▸ WORK INSTRUCTION: Could you copy exactly the line that contains "Roped Metal Sunglasses" and every line after it to the end of the records, and nothing more?

▸ PROVIDED RECORDS:
= Beginning of Section =
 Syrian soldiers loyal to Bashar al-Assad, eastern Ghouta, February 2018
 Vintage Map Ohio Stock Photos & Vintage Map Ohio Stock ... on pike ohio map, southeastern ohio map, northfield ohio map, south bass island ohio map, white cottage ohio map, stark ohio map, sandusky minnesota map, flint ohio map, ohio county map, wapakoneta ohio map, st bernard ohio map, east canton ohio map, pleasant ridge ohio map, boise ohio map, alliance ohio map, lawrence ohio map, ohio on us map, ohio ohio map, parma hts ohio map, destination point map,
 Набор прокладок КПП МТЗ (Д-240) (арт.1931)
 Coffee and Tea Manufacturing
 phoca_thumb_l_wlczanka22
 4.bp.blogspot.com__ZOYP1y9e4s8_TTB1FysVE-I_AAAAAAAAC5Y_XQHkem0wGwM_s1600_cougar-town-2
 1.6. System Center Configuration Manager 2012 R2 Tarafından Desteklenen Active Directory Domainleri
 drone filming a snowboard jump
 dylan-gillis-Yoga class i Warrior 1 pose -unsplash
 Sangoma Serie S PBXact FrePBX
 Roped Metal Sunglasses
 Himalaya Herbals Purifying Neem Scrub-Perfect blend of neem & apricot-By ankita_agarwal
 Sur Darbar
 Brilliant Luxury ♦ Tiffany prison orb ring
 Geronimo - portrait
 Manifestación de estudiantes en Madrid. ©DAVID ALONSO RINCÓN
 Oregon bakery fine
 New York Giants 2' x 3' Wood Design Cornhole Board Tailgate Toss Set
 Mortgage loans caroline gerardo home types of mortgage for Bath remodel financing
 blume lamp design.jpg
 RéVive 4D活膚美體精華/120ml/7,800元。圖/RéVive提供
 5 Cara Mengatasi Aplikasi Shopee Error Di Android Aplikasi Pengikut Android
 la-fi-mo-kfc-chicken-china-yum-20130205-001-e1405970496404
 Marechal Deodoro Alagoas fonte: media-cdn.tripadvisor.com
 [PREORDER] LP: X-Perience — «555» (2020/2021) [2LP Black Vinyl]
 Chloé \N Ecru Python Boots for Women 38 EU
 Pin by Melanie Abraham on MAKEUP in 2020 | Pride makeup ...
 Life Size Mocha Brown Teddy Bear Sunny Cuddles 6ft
= End of Section =
▸ SOLUTION FOR THIS EXERCISE:
 Roped Metal Sunglasses
 Himalaya Herbals Purifying Neem Scrub-Perfect blend of neem & apricot-By ankita_agarwal
 Sur Darbar
 Brilliant Luxury ♦ Tiffany prison orb ring
 Geronimo - portrait
 Manifestación de estudiantes en Madrid. ©DAVID ALONSO RINCÓN
 Oregon bakery fine
 New York Giants 2' x 3' Wood Design Cornhole Board Tailgate Toss Set
 Mortgage loans caroline gerardo home types of mortgage for Bath remodel financing
 blume lamp design.jpg
 RéVive 4D活膚美體精華/120ml/7,800元。圖/RéVive提供
 5 Cara Mengatasi Aplikasi Shopee Error Di Android Aplikasi Pengikut Android
 la-fi-mo-kfc-chicken-china-yum-20130205-001-e1405970496404
 Marechal Deodoro Alagoas fonte: media-cdn.tripadvisor.com
 [PREORDER] LP: X-Perience — «555» (2020/2021) [2LP Black Vinyl]
 Chloé \N Ecru Python Boots for Women 38 EU
 Pin by Melanie Abraham on MAKEUP in 2020 | Pride makeup ...
 Life Size Mocha Brown Teddy Bear Sunny Cuddles 6ft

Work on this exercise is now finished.